Pech Sotheary / Khmer Times No Comments Share:
An aircraft prepares for landing at Phnom Penh International Airport. KT/Chor Sokunthea

The Tourism and Health Ministries yesterday requested Phnom Penh International Airport to relocate smoking areas farther away from arrival and departure gates in anticipation of the implementation of the Law on Tobacco Control.

The request was made a meeting on “Smoke-Free Environment in Tourism Sector at Phnom Penh International Airport” at the airport.

Hor Sarun, an undersecretary of state at the Tourism Ministry, said that according to observations, people smoke cigarettes outside of the departure and arrival halls. Mr Sarun said cigarette smoke affects people who go to the airport to welcome or accompany their relatives.

He noted that Phnom Penh International Airport should prepare a smoking area farther away from the arrival and departure halls.

“We have to discuss whether to move the smoking areas to a garden or somewhere else to prevent smoke from affecting non-smokers,” Mr Sarun said. “So we have to work together to make our international airports smoke free.”

Koam Sinoun, deputy director of the Health Ministry’s legislation department, yesterday said according to the Law on Tobacco Control and relevant sub-decrees, it is prohibited to smoke in workplace buildings and public places such as schools, playgrounds, public parks, museums, and cultural and historical sites.

Mr Sinoun said regulations require tobacco companies to attach health warnings in Khmer and a warning photo displayed on the back and front of a tobacco product.

“For shops in airports that display tobacco products for sale, we have to find a way to find out whether these shops are complying with our regulations,” he said. “There are a lot of displays of cigarette packs. These shops should make adjustments in accordance with the law.”

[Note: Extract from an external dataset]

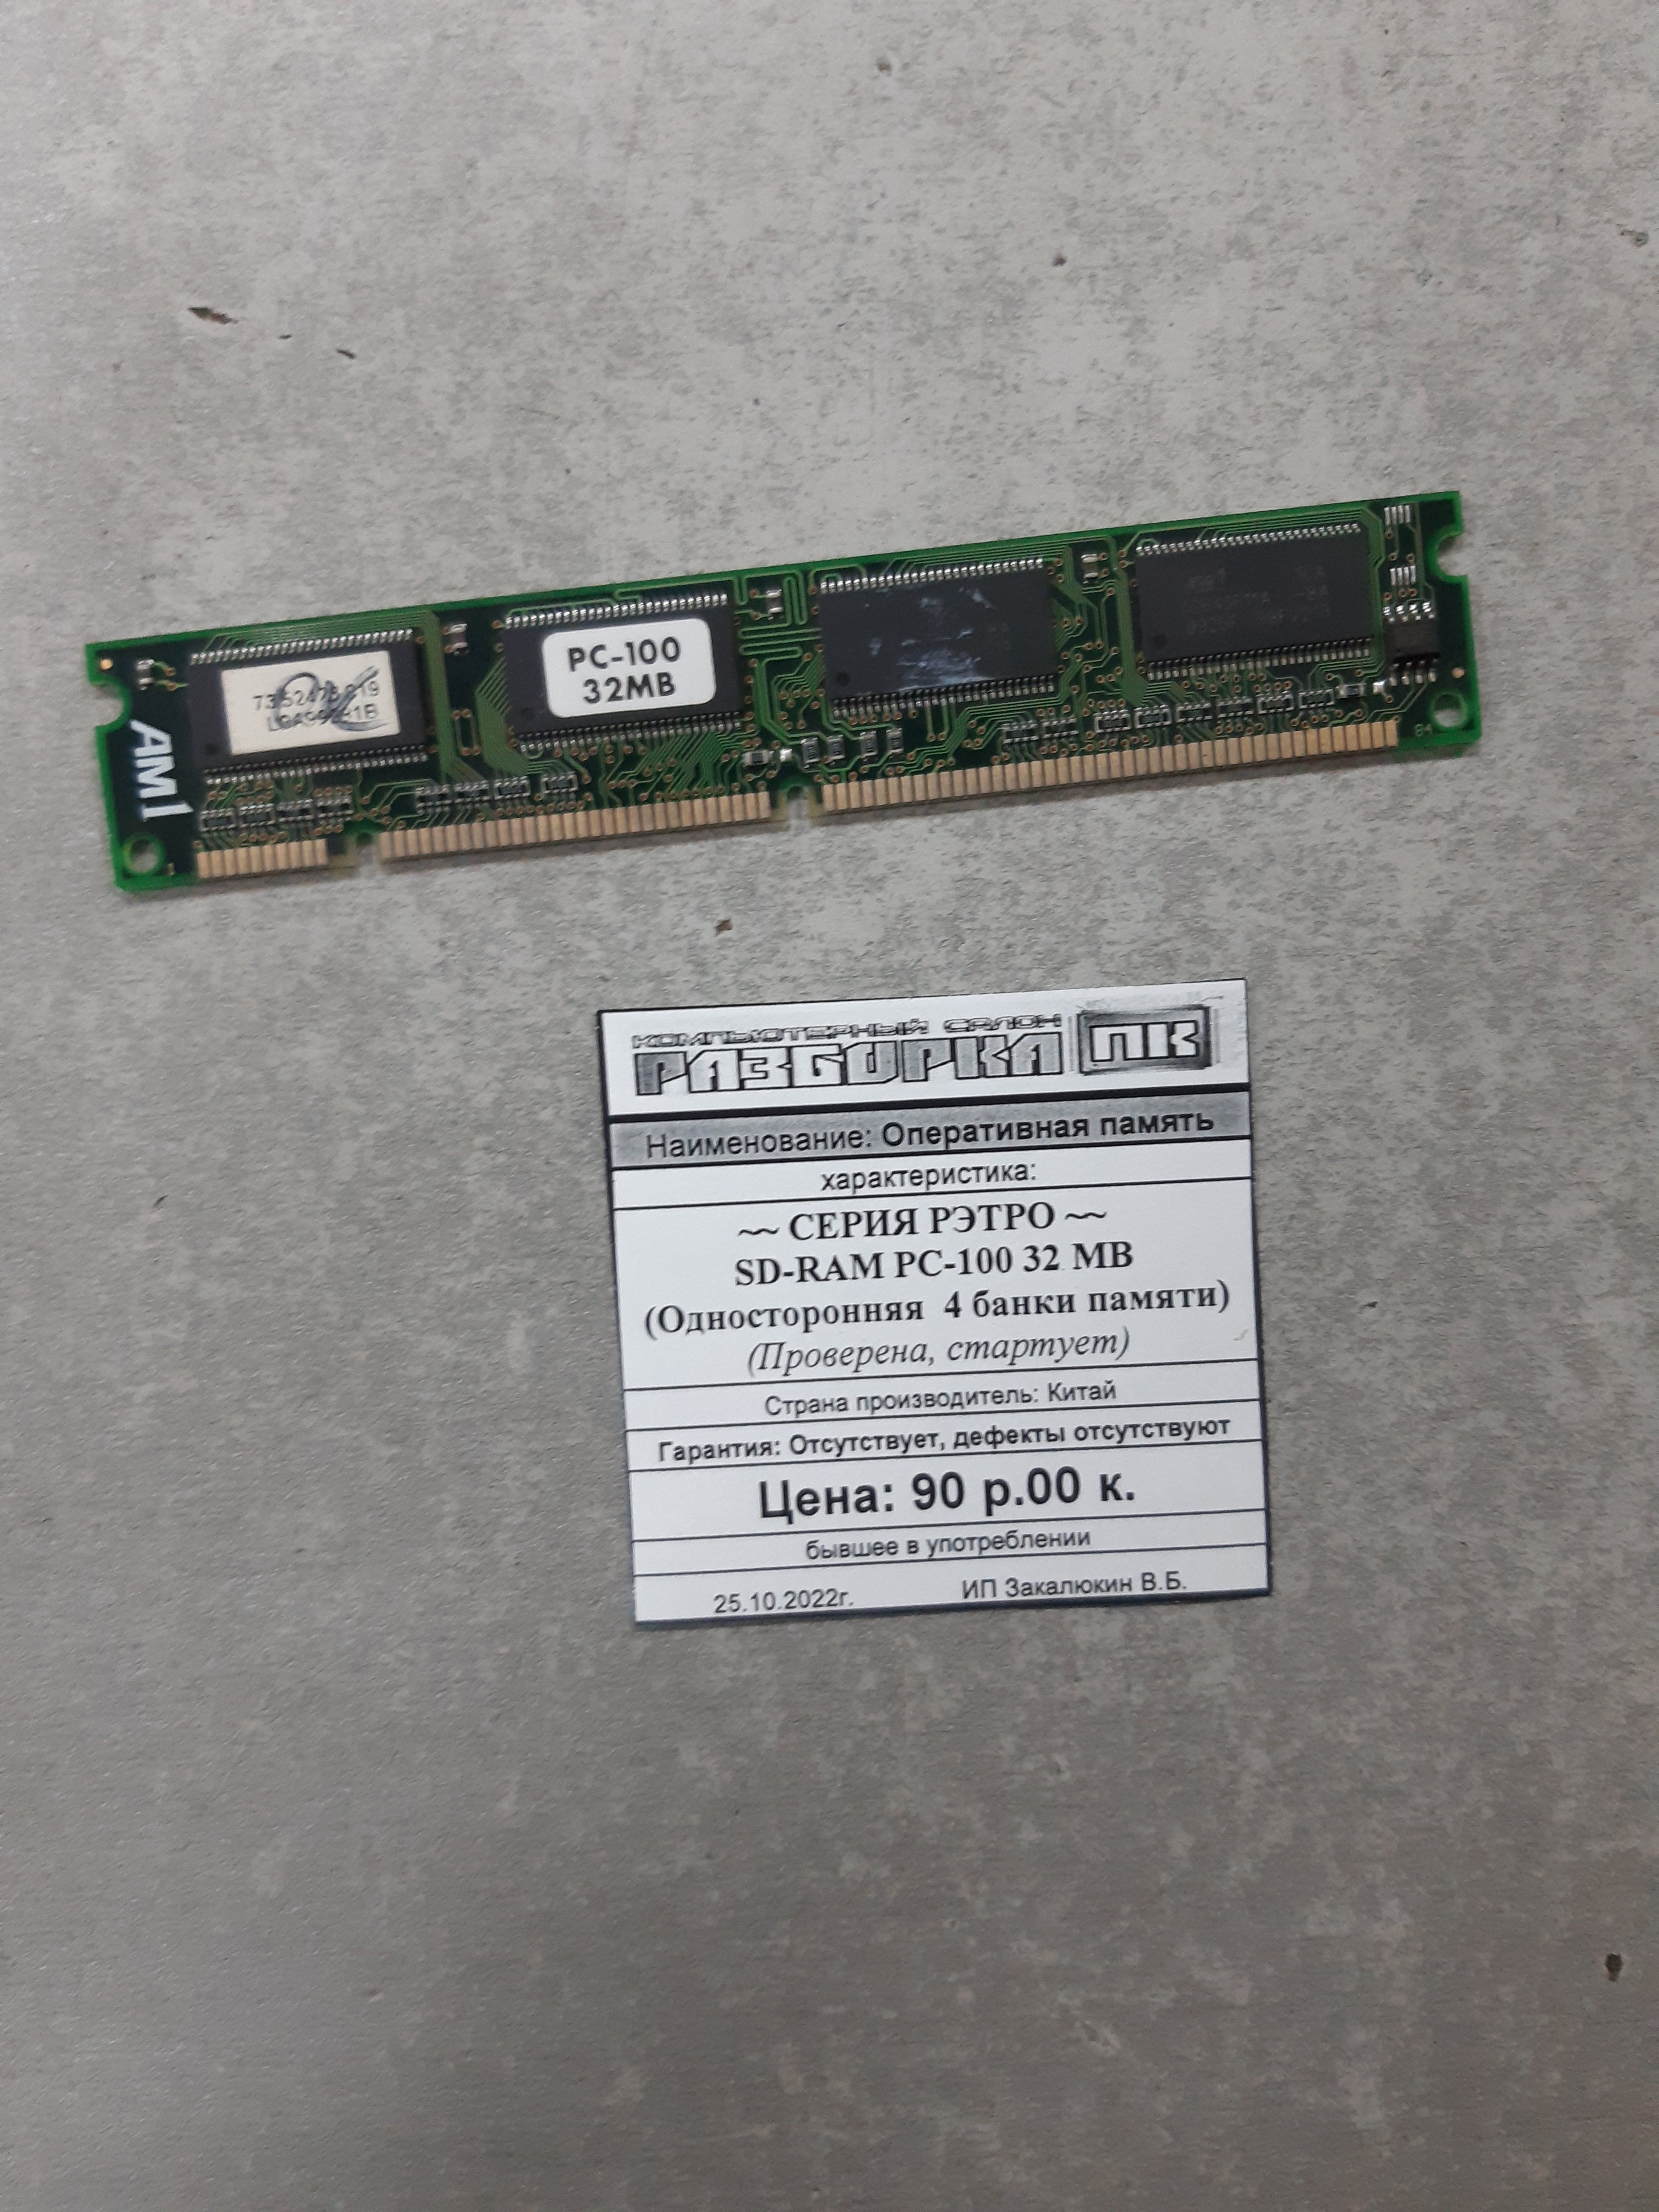 Оперативная память SD-RAM PC-100 32 MB

Herve Bonin, general manager of Phnom Penh International Airport, yesterday said it will relocate smoking areas. Mr Bonin said it will also display a large banner in the Chinese language.

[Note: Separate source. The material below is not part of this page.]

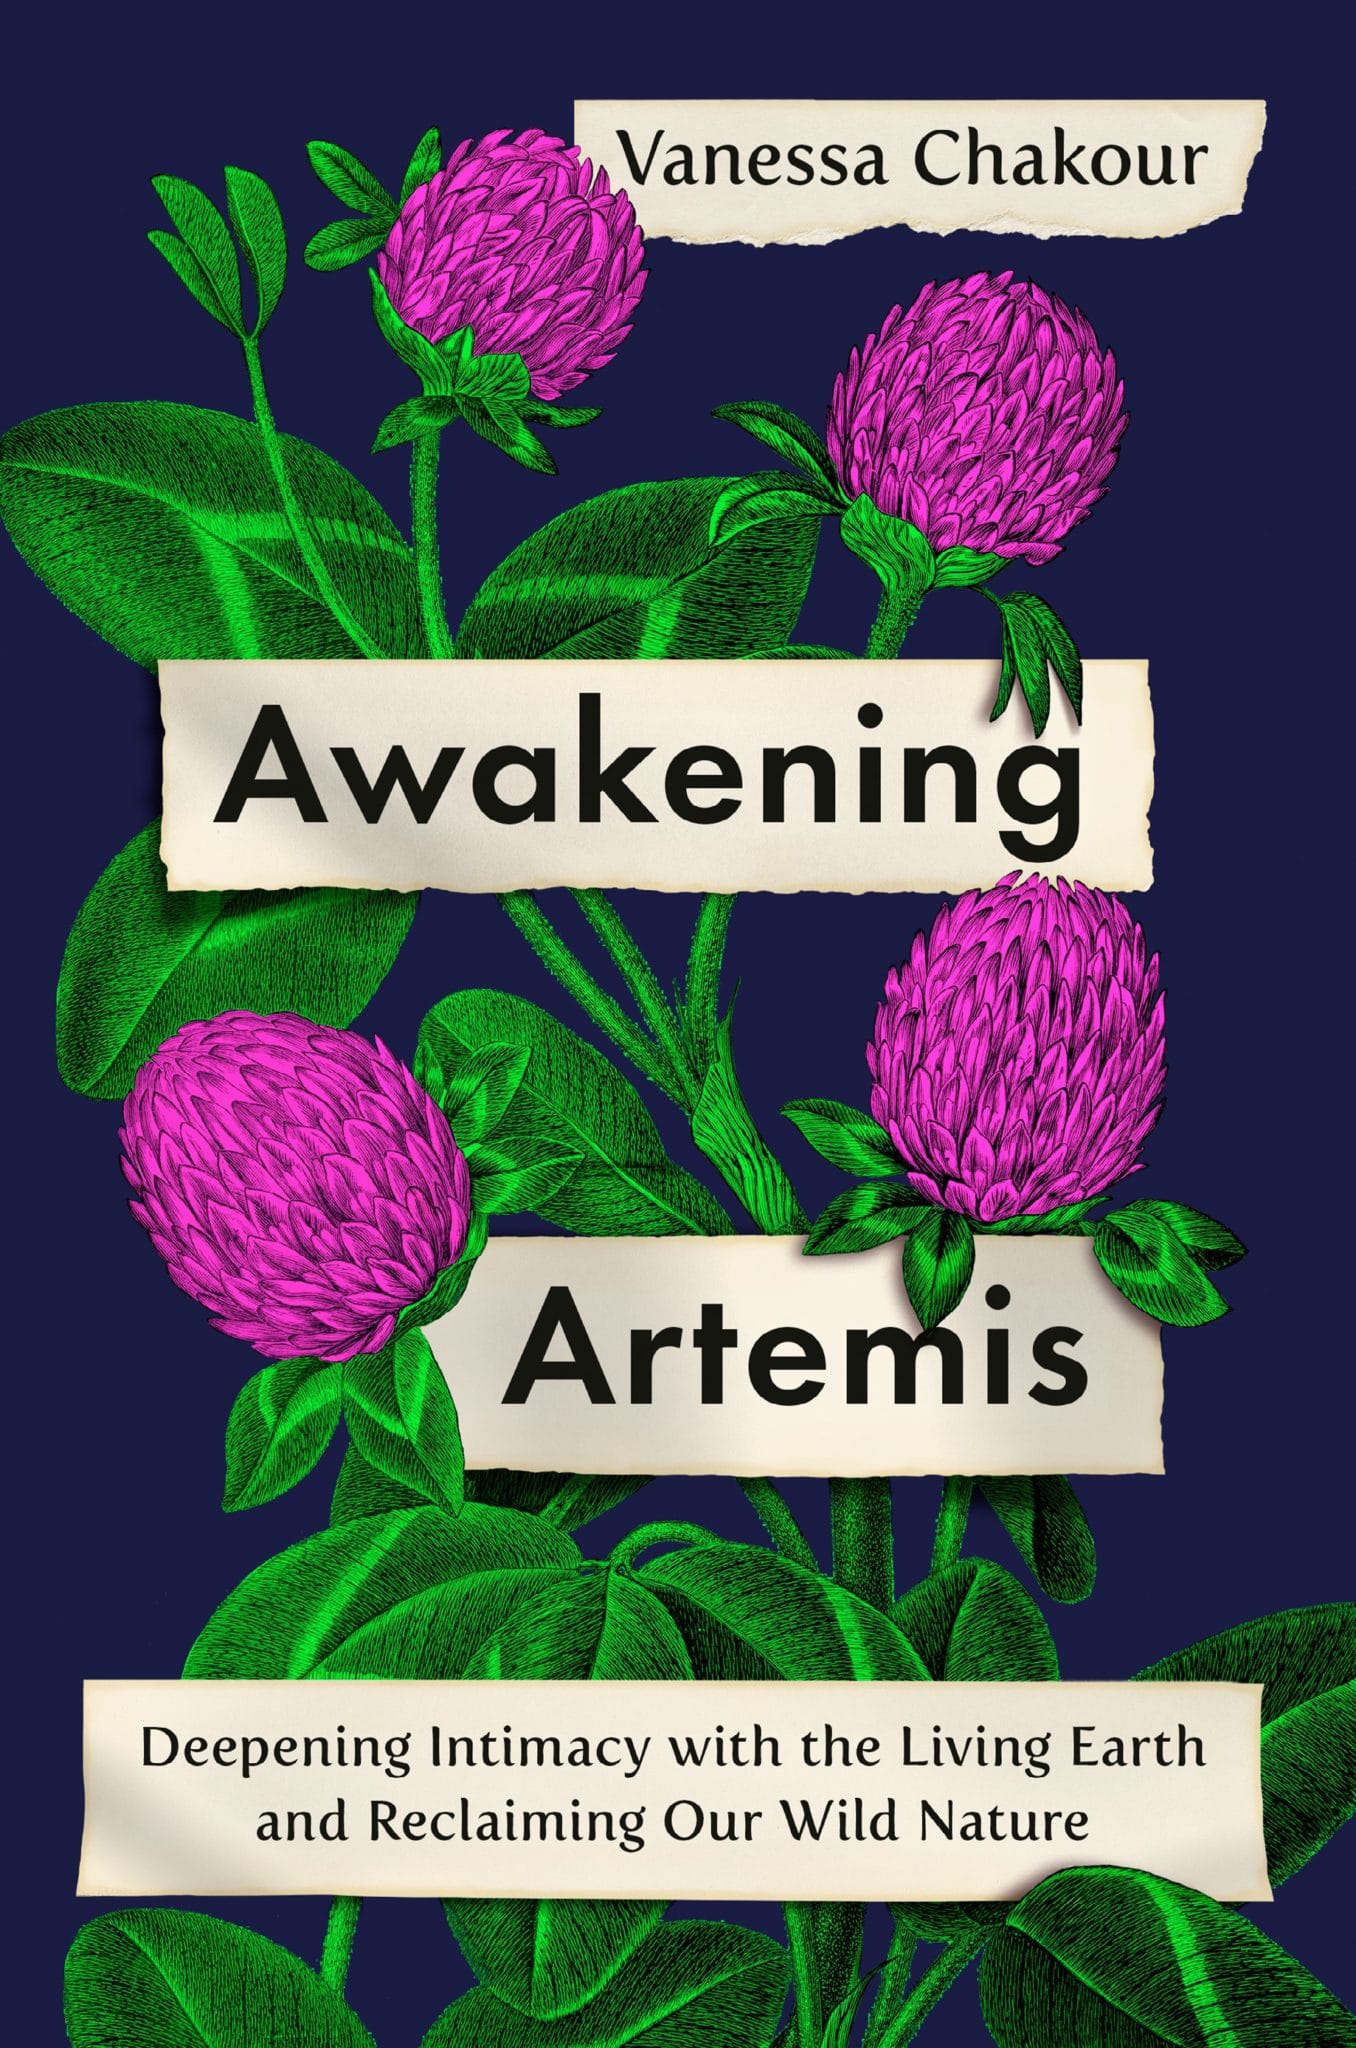 Vanessa Awakening Artemis

He added that the management is open to discussions with business owners who sell tobacco products at the airport.

“We will find a way to improve in order to comply with the law,” Mr Bonin said.

Mom Kong, executive director of the Cambodian Movement for Health, said the airport needs to address the issue of tobacco in order to make it a smoke-free establishment.

“It is not only Cambodians who use the airport, but also international tourists,” Mr Kong said. “They want our airport to be a good and healthy place for everyone who come here.”